[THE TASK]
Every line in the listing below from the one with "加勒比海日出(圖)_圖1-7" through the one with "image 12 - Appartement" is to be reproduced exactly, both ends included; leave out the rest.

++++ EXERCISE INPUT

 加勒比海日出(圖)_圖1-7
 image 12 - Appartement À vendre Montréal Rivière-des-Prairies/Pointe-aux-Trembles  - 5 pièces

++++++++
++++ EXERCISE INPUT

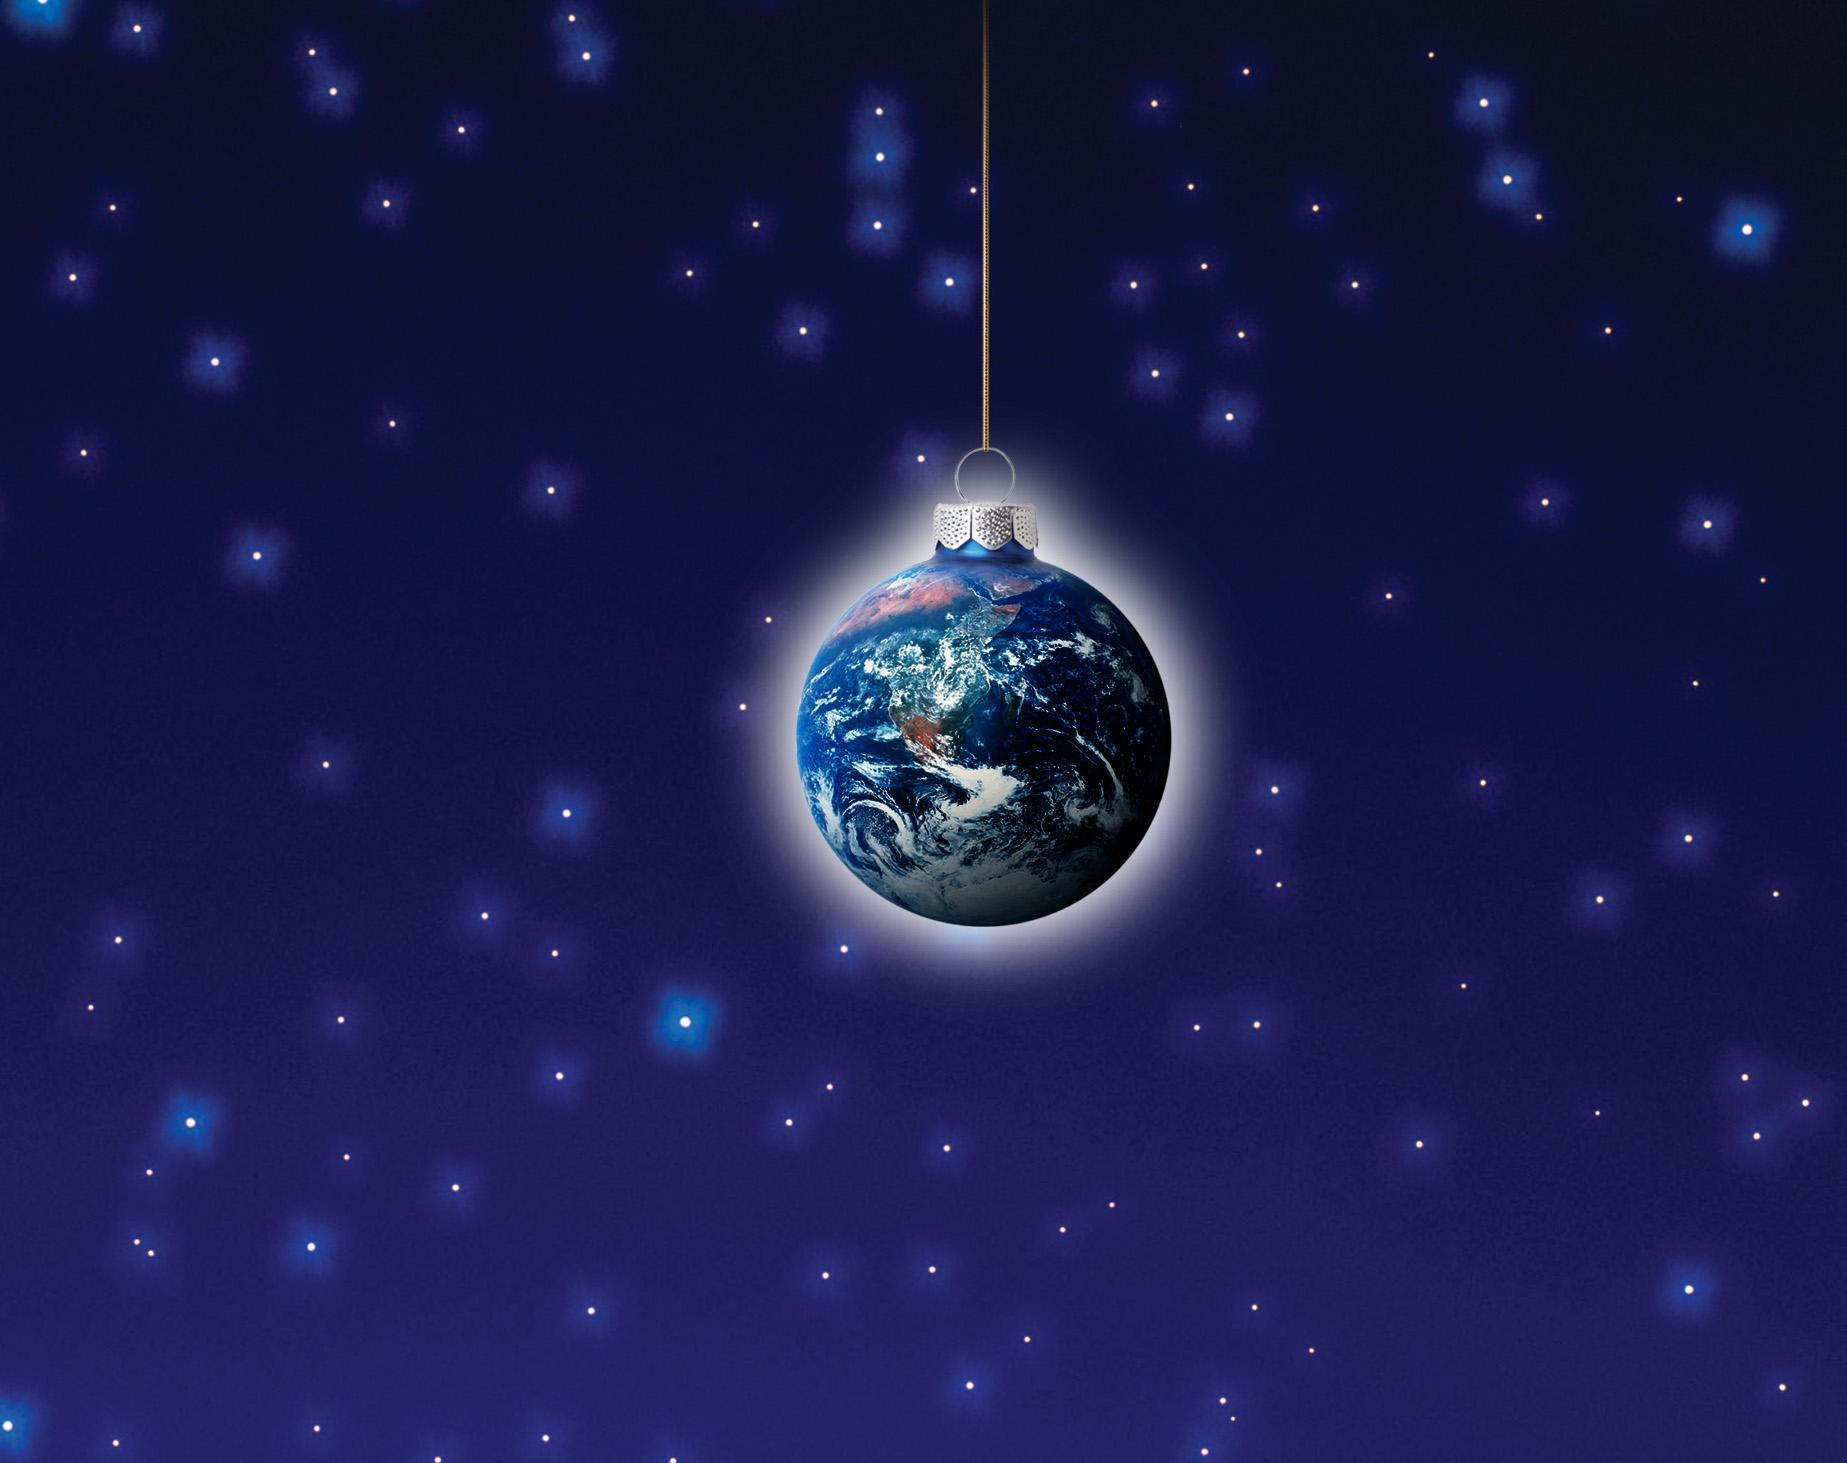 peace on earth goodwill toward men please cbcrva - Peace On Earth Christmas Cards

++++++++
++++ EXERCISE INPUT

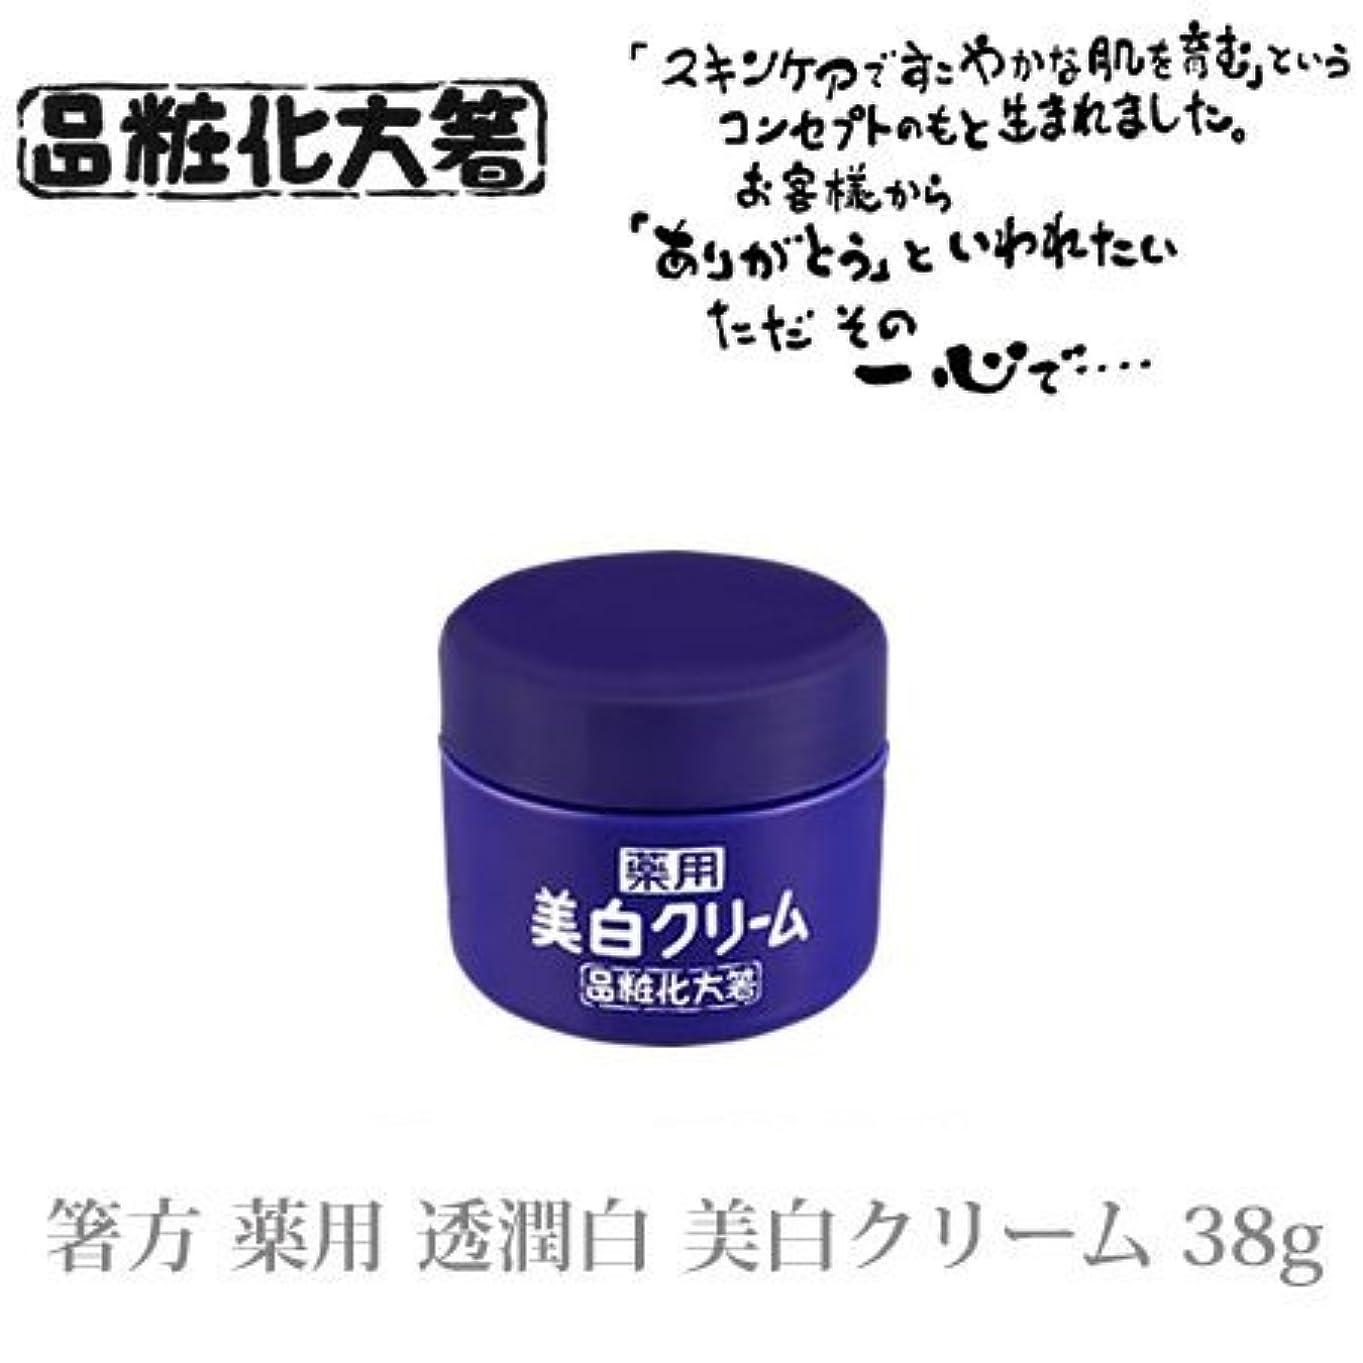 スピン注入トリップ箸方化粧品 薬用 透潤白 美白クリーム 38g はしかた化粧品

++++++++

[SOLUTION TO THIS TASK]
 加勒比海日出(圖)_圖1-7
 image 12 - Appartement À vendre Montréal Rivière-des-Prairies/Pointe-aux-Trembles  - 5 pièces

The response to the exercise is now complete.